* **WHAT YOU HAVE TO DO**
In the records below, reproduce exactly the lines from the one containing "Anastasia Coope (NYC), Moon" through the one containing "Bandage output showing", both included, and omit the pictures.

* **RECORDS FOR THE TASK**
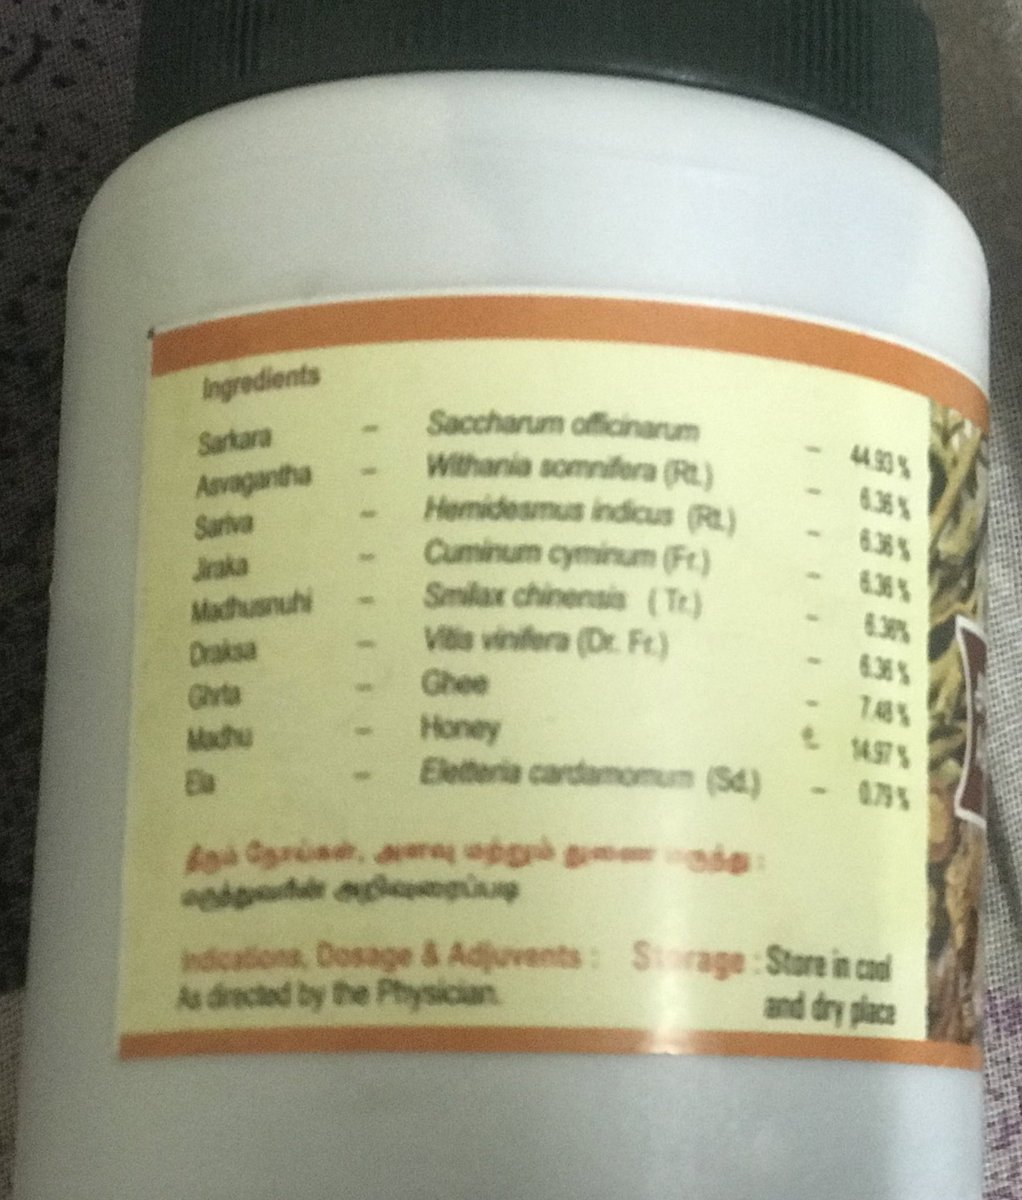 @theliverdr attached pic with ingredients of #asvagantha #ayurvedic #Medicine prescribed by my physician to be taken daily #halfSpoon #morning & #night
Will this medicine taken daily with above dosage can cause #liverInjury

...

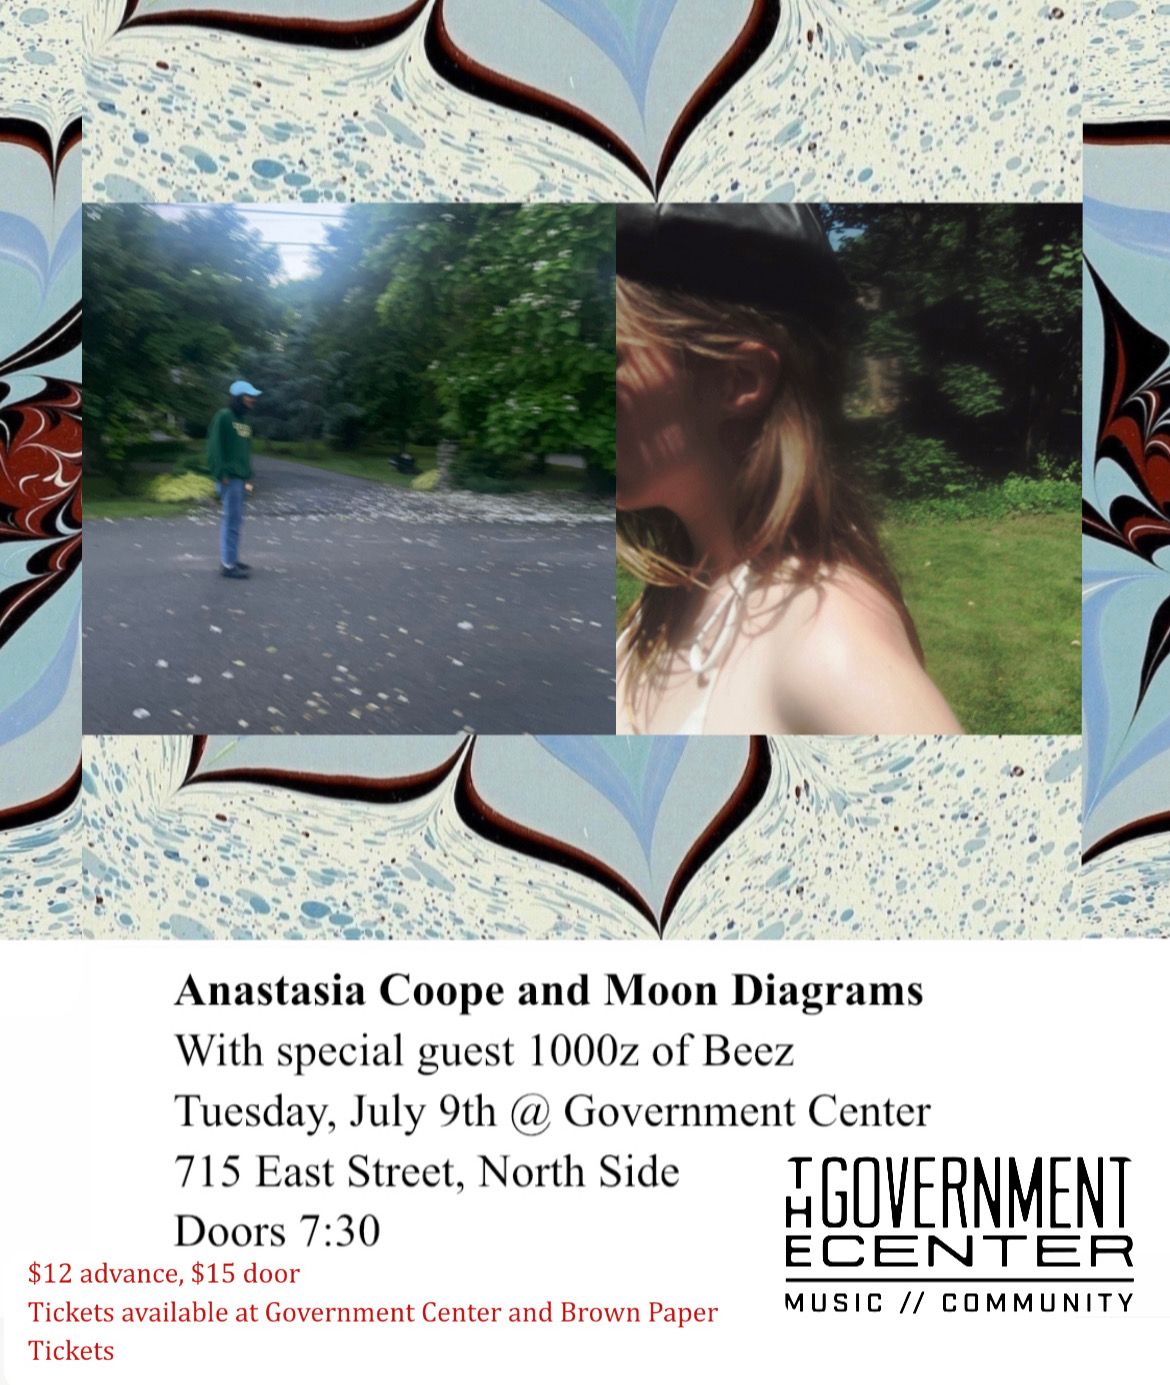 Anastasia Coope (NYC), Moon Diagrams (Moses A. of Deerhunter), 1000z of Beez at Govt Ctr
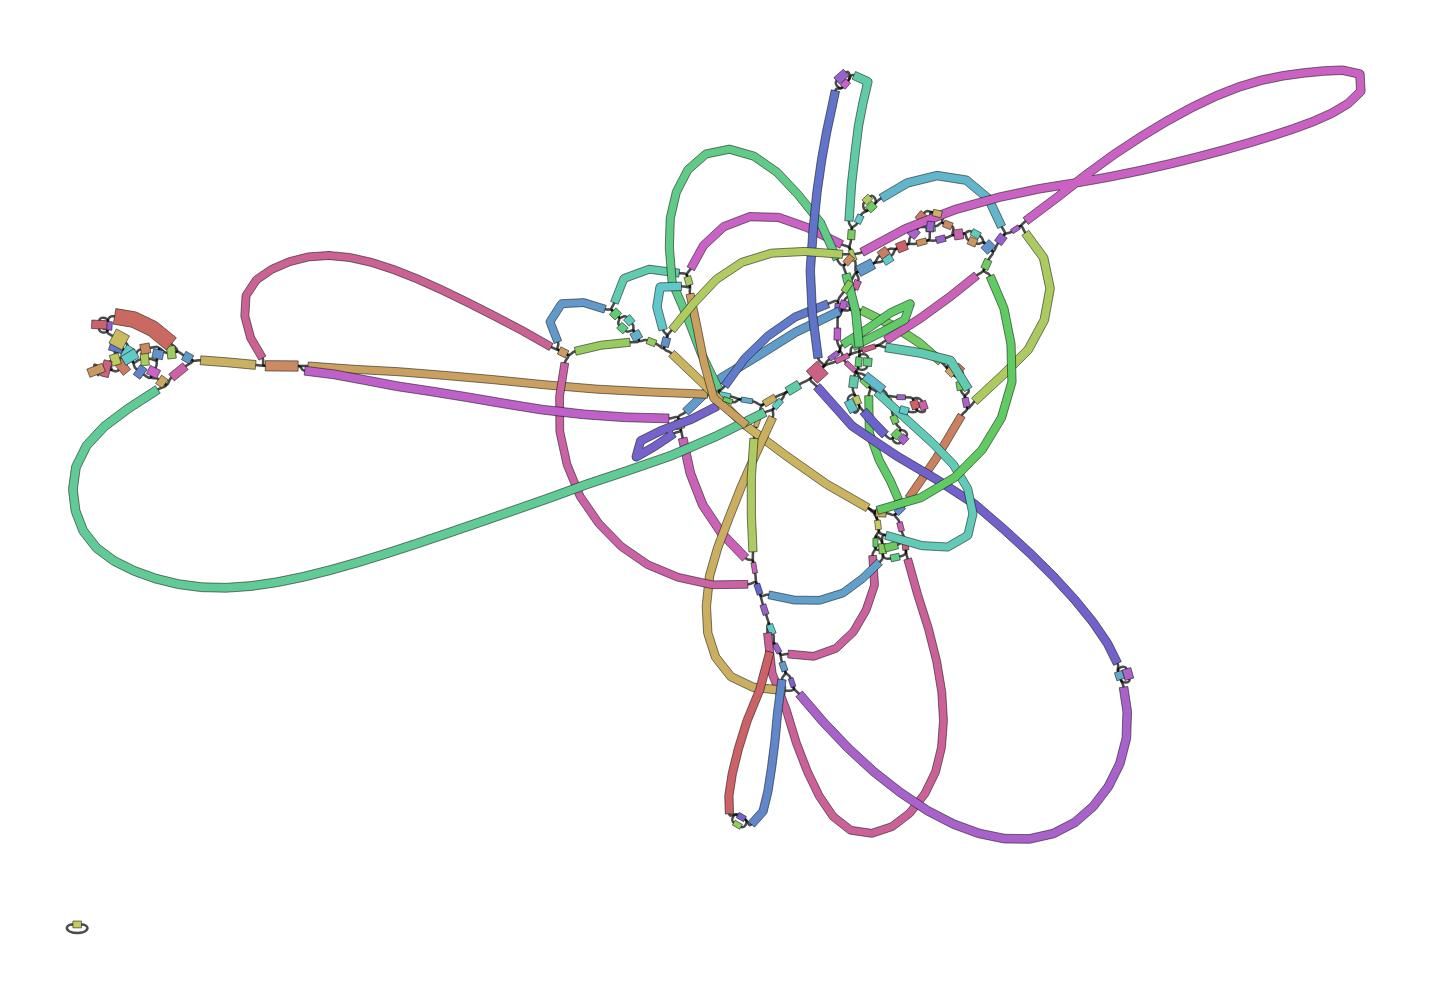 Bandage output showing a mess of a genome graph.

* **EXERCISE SOLUTION**
 Anastasia Coope (NYC), Moon Diagrams (Moses A. of Deerhunter), 1000z of Beez at Govt Ctr
 Bandage output showing a mess of a genome graph.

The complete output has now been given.